Start of INFORMATION

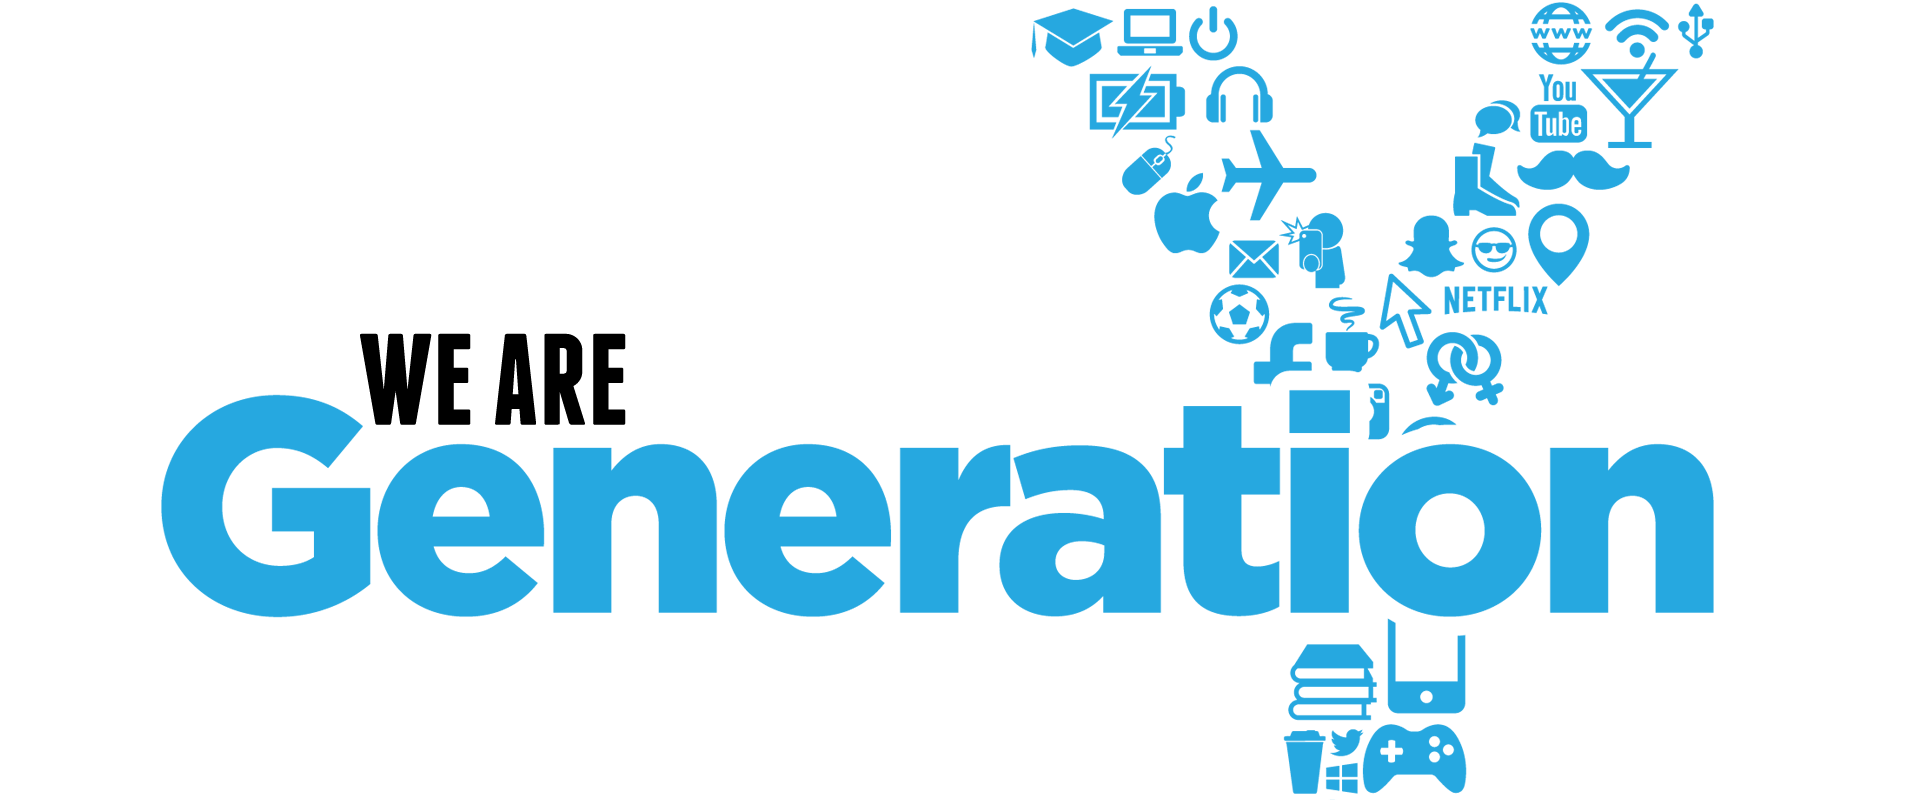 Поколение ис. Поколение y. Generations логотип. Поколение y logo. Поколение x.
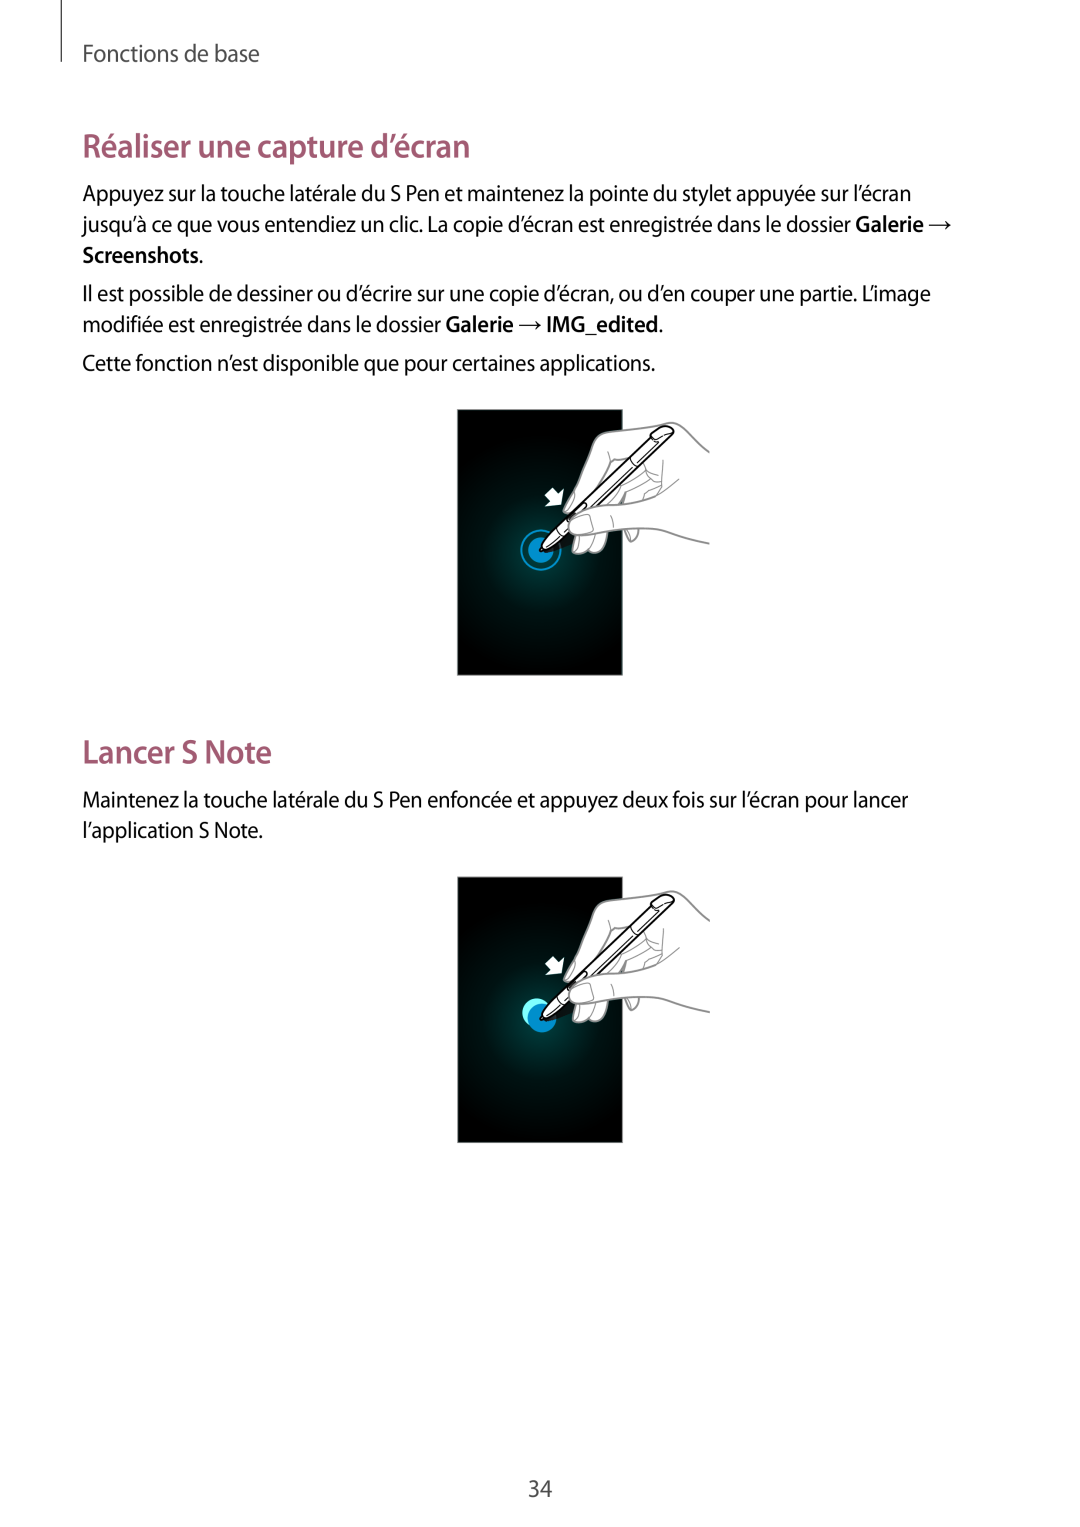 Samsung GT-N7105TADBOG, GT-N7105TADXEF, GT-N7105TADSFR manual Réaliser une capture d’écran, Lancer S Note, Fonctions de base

End of INFORMATION
Start of INFORMATION

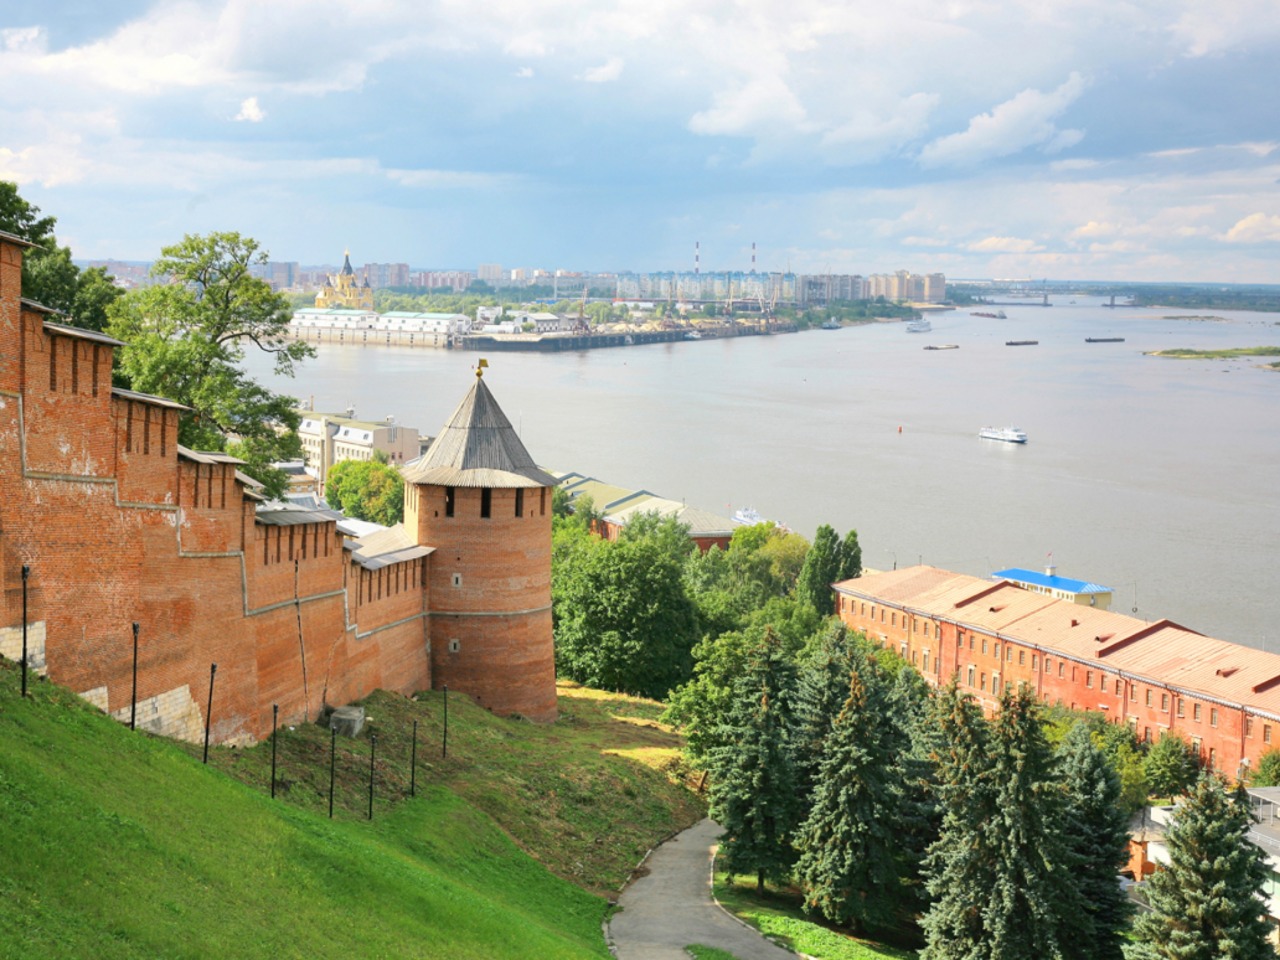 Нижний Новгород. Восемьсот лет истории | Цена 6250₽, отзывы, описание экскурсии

End of INFORMATION

### WORK REQUEST
Beginning with the line above that has "Поколение ис. Поколение" and going on through the line that has "Samsung GT-N7105TADBOG, GT-N7105TADXEF, GT-N7105TADSFR", retype every line exactly and add nothing else; drop the pictures.

### SOLUTION
 Поколение ис. Поколение y. Generations логотип. Поколение y logo. Поколение x.
 Samsung GT-N7105TADBOG, GT-N7105TADXEF, GT-N7105TADSFR manual Réaliser une capture d’écran, Lancer S Note, Fonctions de base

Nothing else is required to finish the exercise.